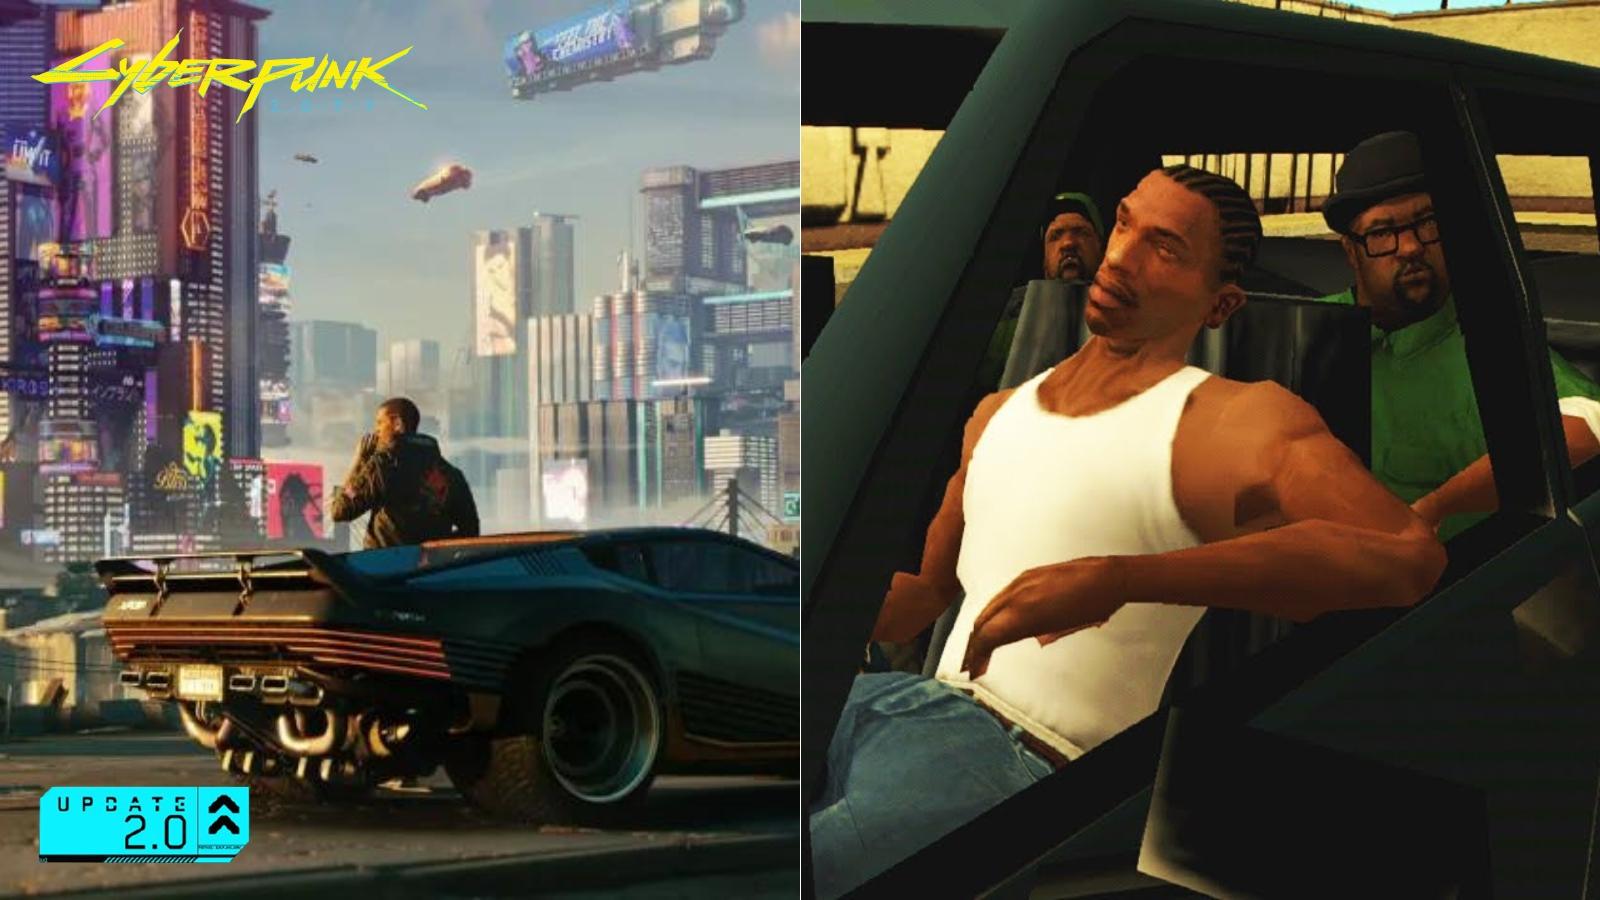 GTA: Vice City Trends Following Remaster Rumors
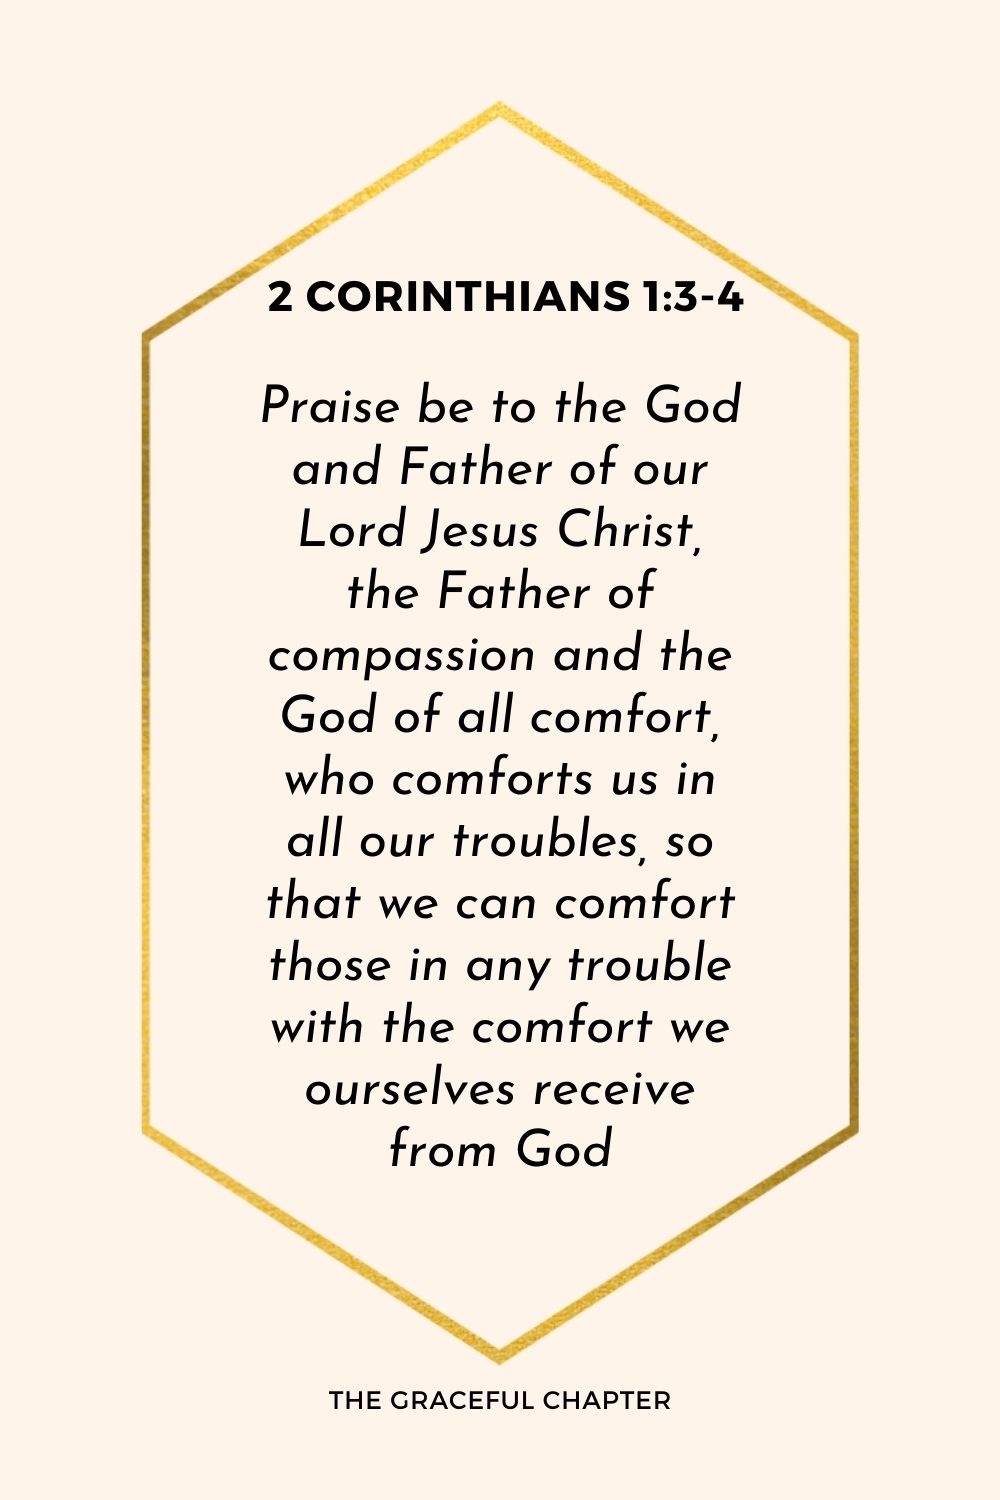 2 Corinthians 1:3-4 
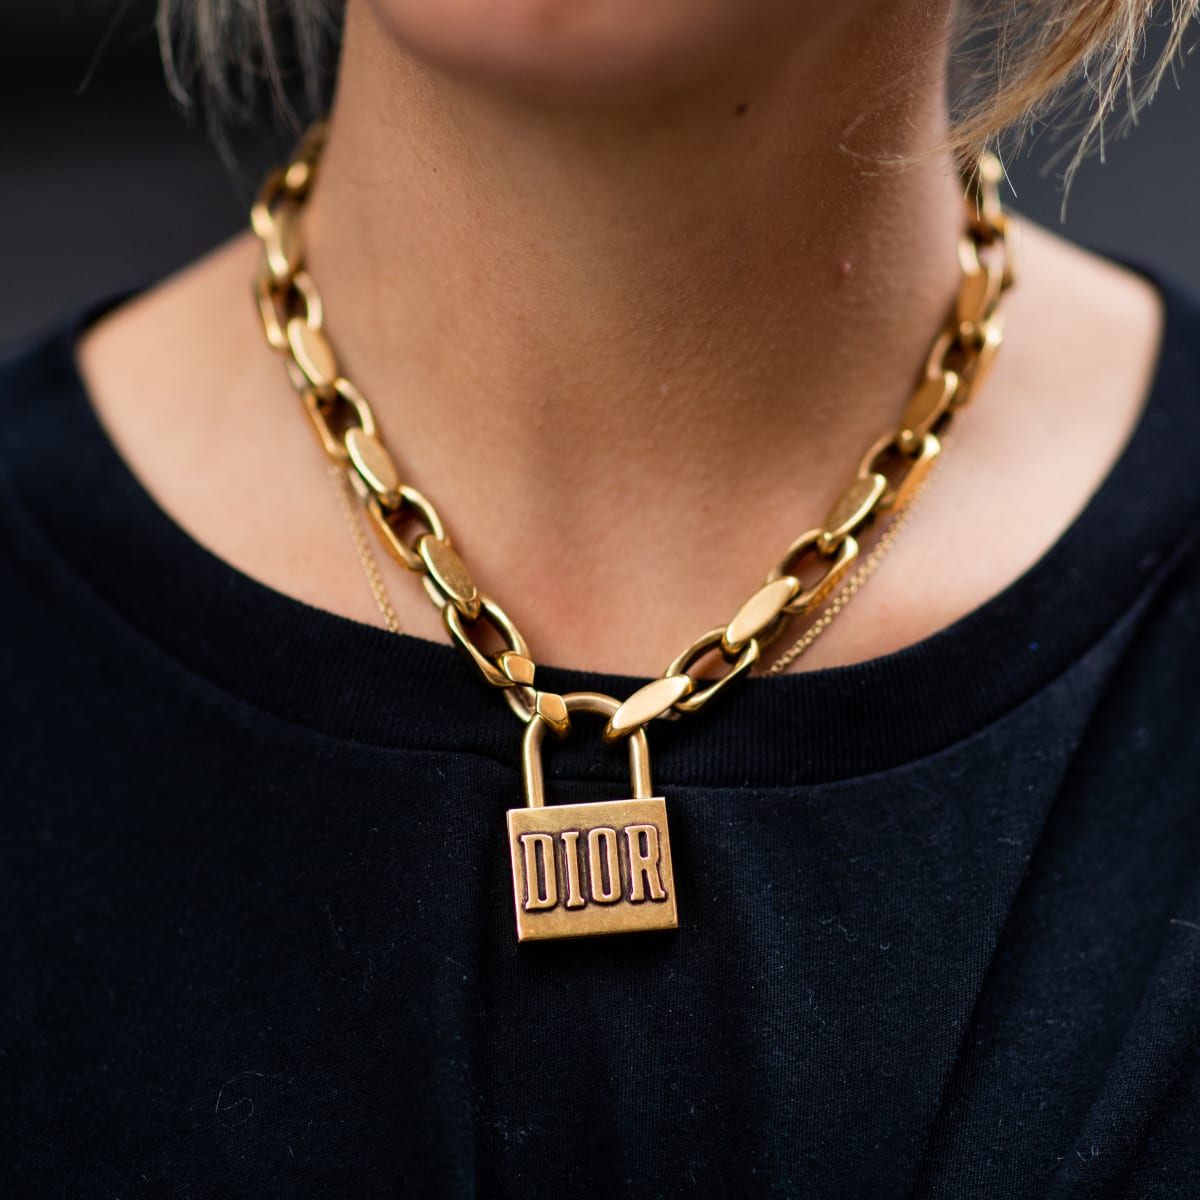 dior lock necklace gold

• YOUR TASK:
Take the data above and set it down exactly, images excluded.

• TASK ANSWER:
 GTA: Vice City Trends Following Remaster Rumors
 2 Corinthians 1:3-4 
 dior lock necklace gold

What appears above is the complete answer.